Tag Archives: peppers

Covered wagon or greenhouse?

27 Feb

Rather than  buy starts, last year I built a greenhouse so I could sprout my own tomatoes, peppers, and basil. Calling it a greenhouse is being generous. I used some scrap two-by-fours to frame out a low-slung frame that’s eight feet long, four feet wide and three feet tall – or something like that. The only complicated part was to build and mount a door. Then I stretched plastic over it all, and voila, I had greenhouse.

It worked great – I wasn’t sure how it would perform, and I actually ended up with too many cherry tomatoes, lots of peppers, and even some of the finicky basil that I had never been able to start on my own before.
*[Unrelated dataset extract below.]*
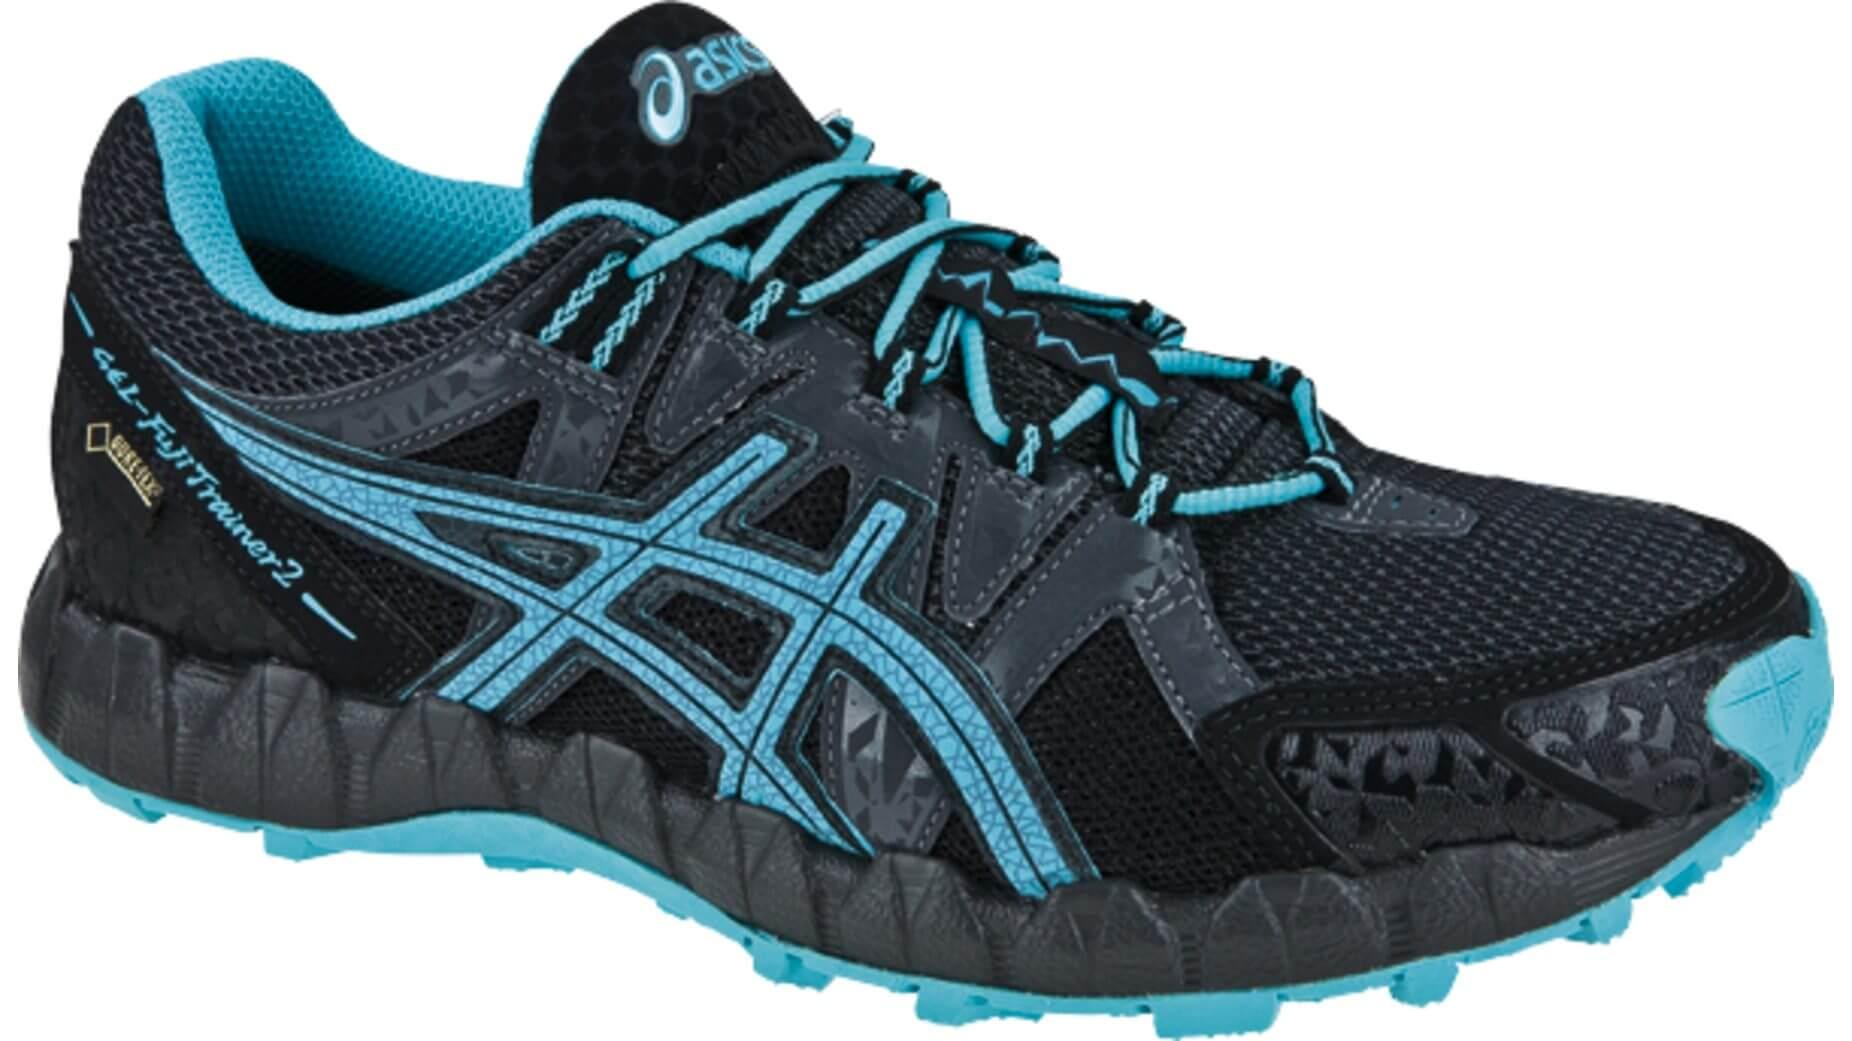 SchuheIntersport SchuheIntersport Gore Tex Tex Gore Gore vIYbgymf76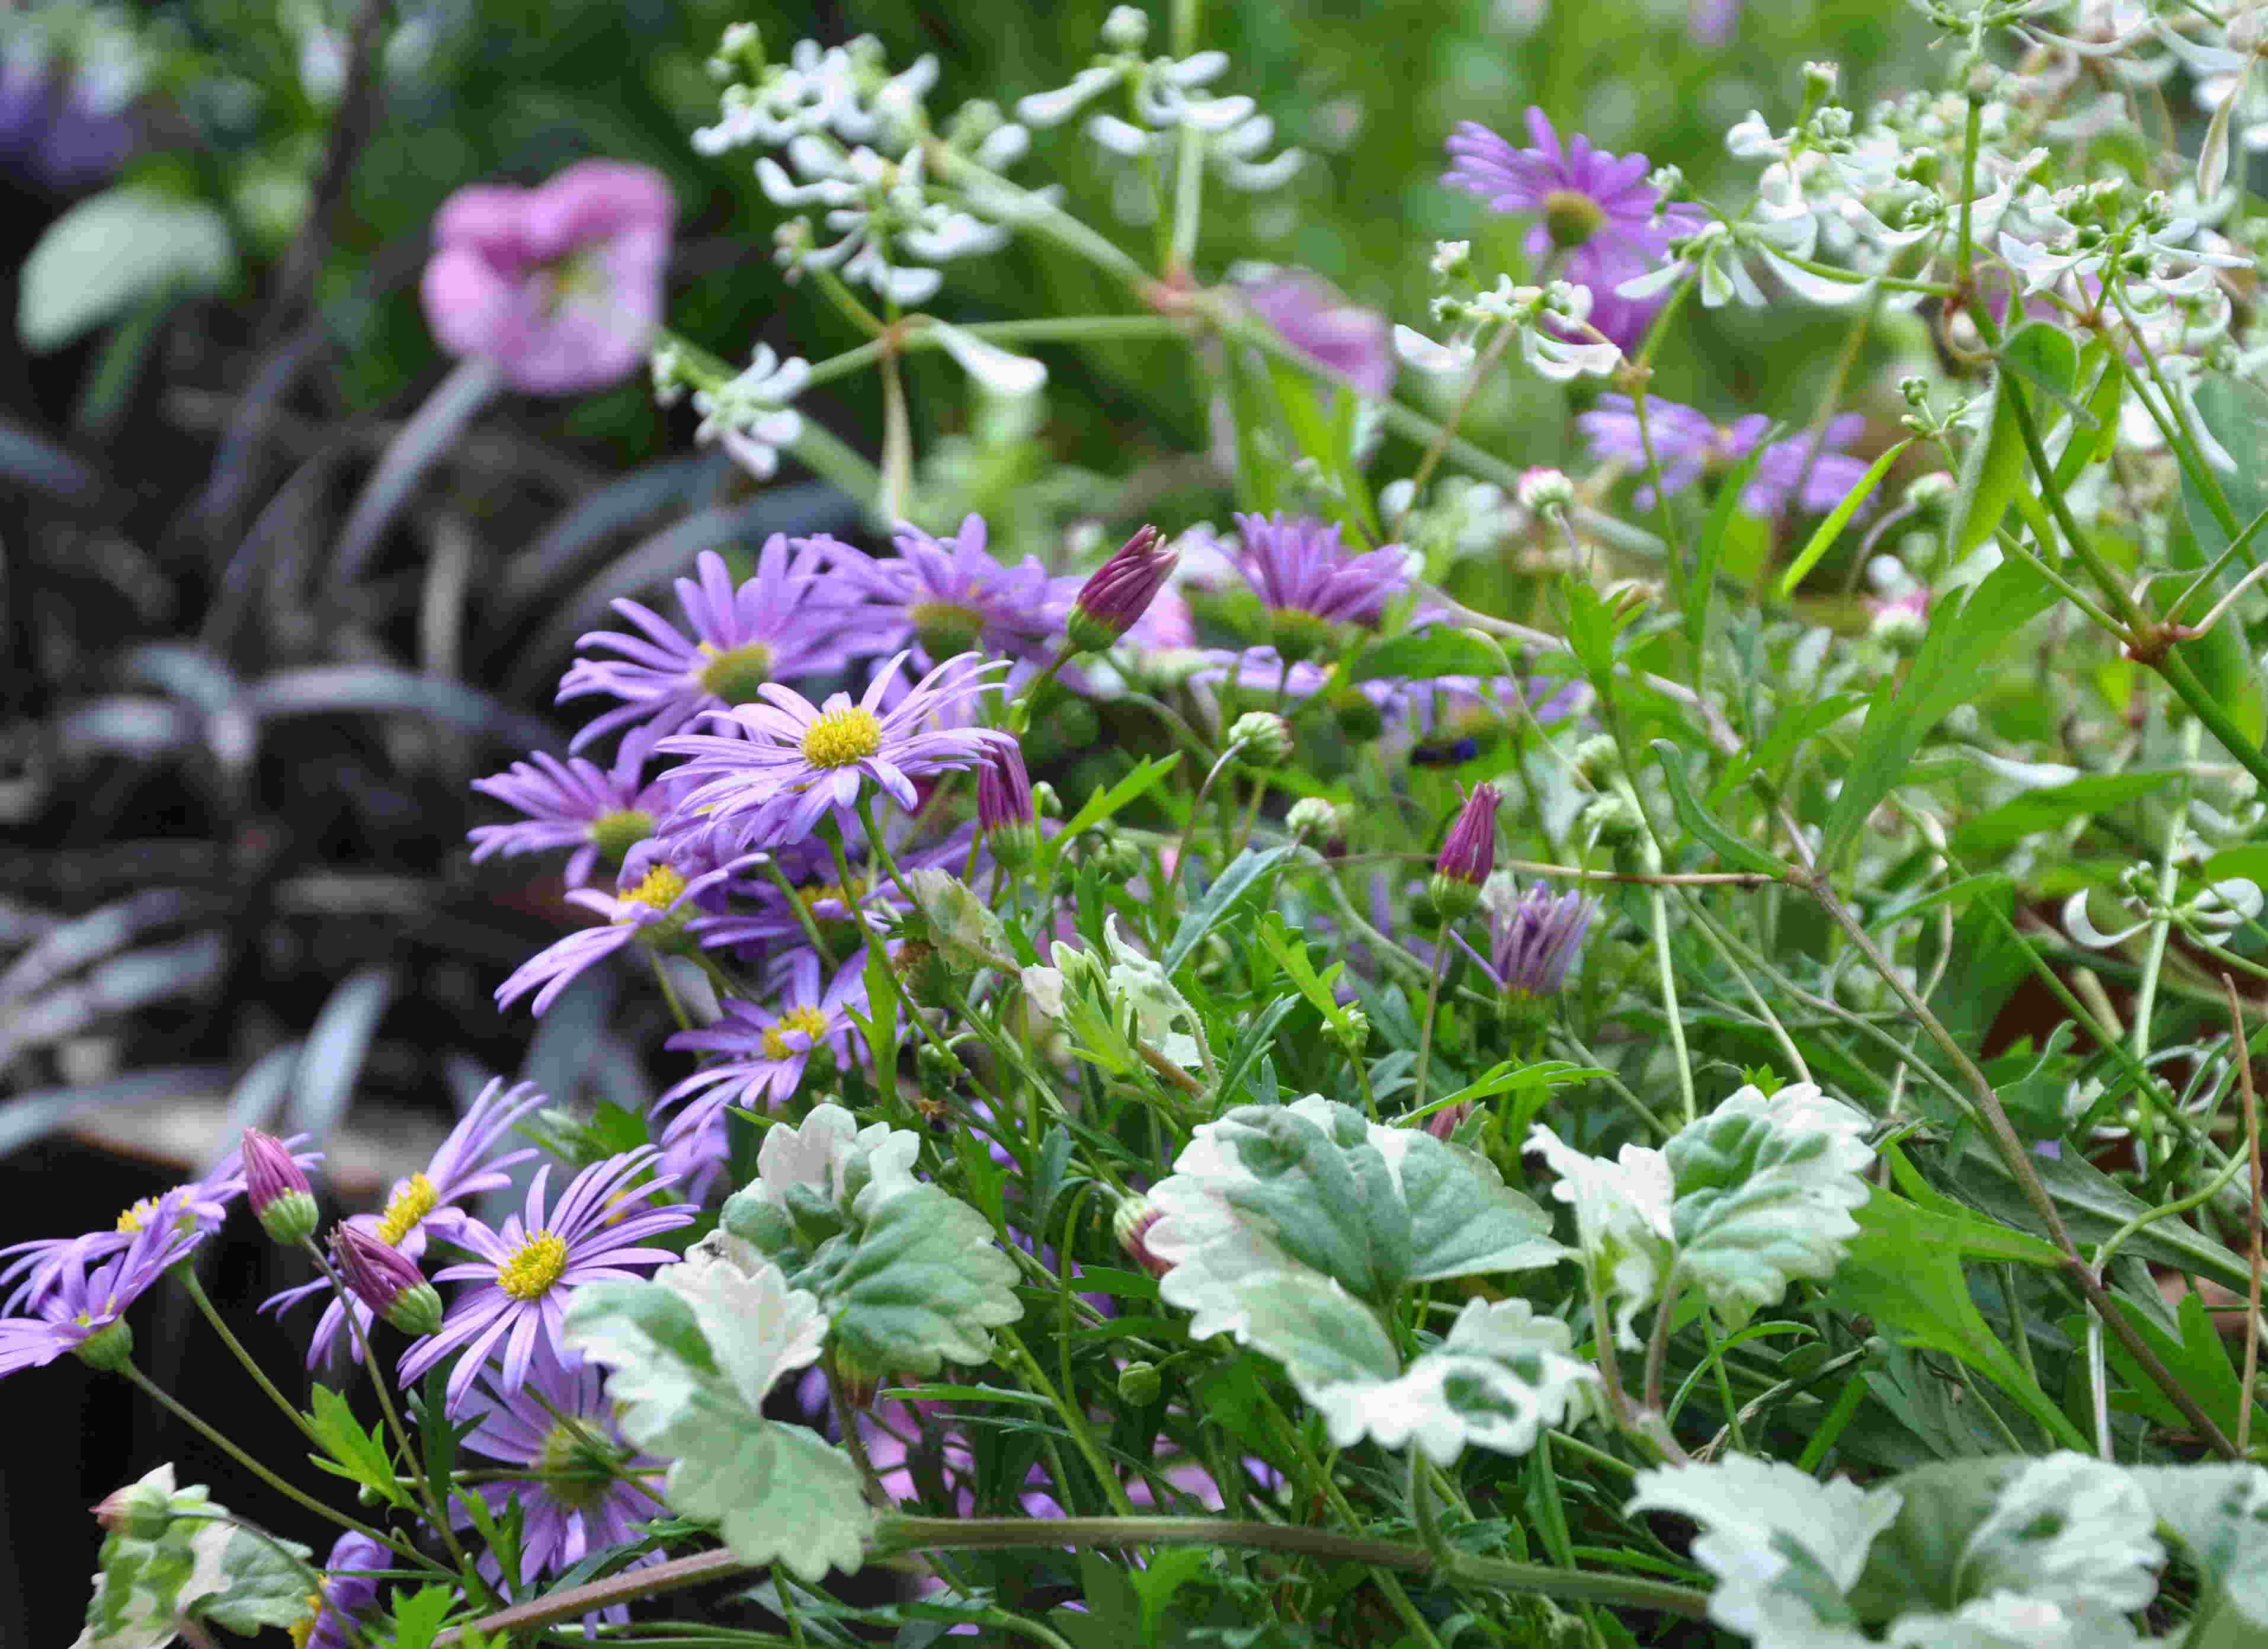 Sommarblommor i kruka ger snabb grönska och långvarig blomning.

After I was done with it, I parked the greenhouse in the hidden area on the north side of my house and thought vaguely that I needed to do something about the roof. (Every time it rained, the water pooled heavily on the roof, which caused it to sag and sag some more each time it rained). I promptly forgot about the plastic-wrapped wonder until recently, when I started thinking about dragging it out so I can get some new starts going. When I went back to take a look, sure enough it was filled with water and rotting leaves. Yuck.

Seeing some of the PVC-like plastic pipes some people use to tent over their raised beds, I came up with the idea of popping out the top of my greenhouse with some PVC pipes. I just needed to figure out how to secure the pipe ends without tearing the plastic. I went to the hardware store, looked around, and decided 45-degree PVC elbows would likely do the trick. So I bought two 10-foot lengths of 3/4 inch PVC and six elbows, plus some basic brackets to hold the elbows in place.

From there, I estimated how long a piece I thought I would need by wedging a piece of PVC into the roof and seeing how far I could wedge in. I quickly made a mark, cut the pipe down to size, screwed the brackets over the elbows, and wedged the PVC pipe in one elbow, bent the middle of the pipe up until I could slip the other end into the elbow on the other side, and I was done. I did that twice more, and I suddenly had a pop-up roof and a greenhouse that looks just like a covered wagon.

Now it’s time to move it to the sunny side of the yard and see how warm it stays at night.